I have an ambivalent attitude toward TV. I watched TONS of it as a kid and read little. My wife was just the opposite: she looks at me as though I'm speaking a foreign language when I begin to reminisce about my TV viewing in the '80's. At times, I hate the TV--with all its commercials and mind-numbing flickering--but then, at other times, despite the flaws it possesses as a medium, there are some things I really enjoy watching. Here's a cleverly written and insightful article expressing some of these very same sentiments. In fact, here's as snippet:
Of course, TV has always been mostly awful. “Boob tube” did not begin as an anatomical observation.
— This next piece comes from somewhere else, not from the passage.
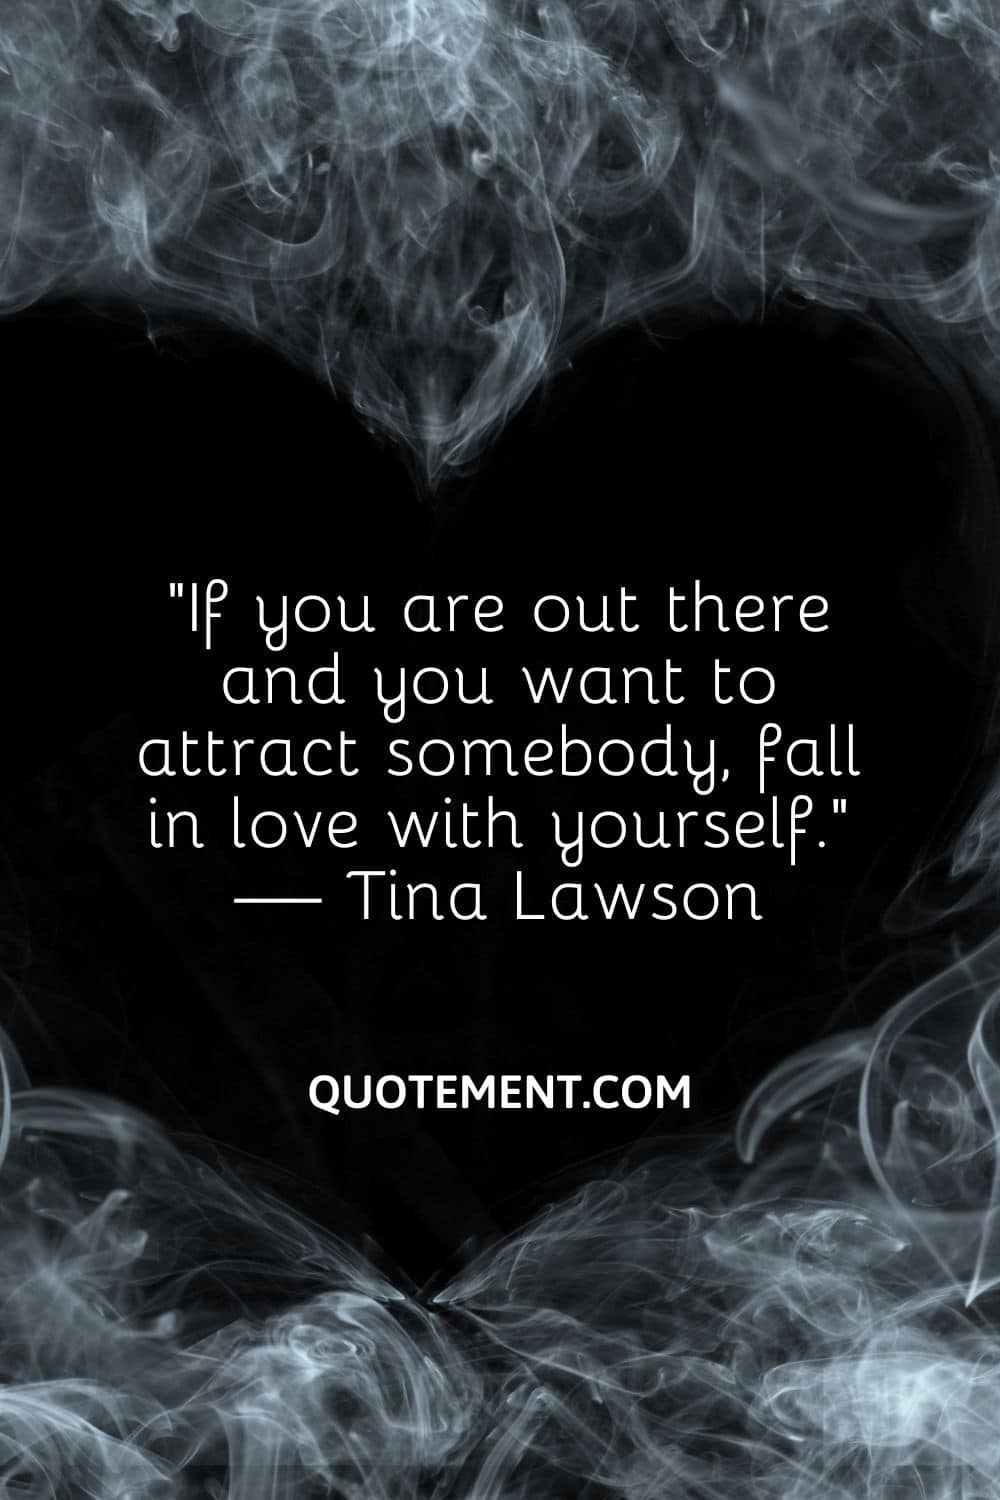 If you are out there and you want to attract somebody, fall in love with yourself

The myth persists of a Golden Age of Television in the 1950s, but the blurry surviving kinescoped evidence yields a baser metal. Way back in May 1961, Newton Minow, chairman of the Federal Communications Commission, called TV “a vast wasteland.” Well, the landscape is a lot vaster 44 years later, and still wasted, but how could it not be? TV never stops any more; there’s just too much of it. In the late 1940s, a station played “The Star Spangled Banner” by 10 p.m. and signed off for the night. The citizenry rested—or read or did their bit for the baby boom. There’s not enough talent even in today’s fame-crazed United States to keep TV interesting all the time. Remember: Most books are not worth reading either. And not every play took a prize in old Athens; the relatively few that survive by no means represent the lot that did not.
And I had to include this one just because he mentions one of my favorite shows, King of the Hill...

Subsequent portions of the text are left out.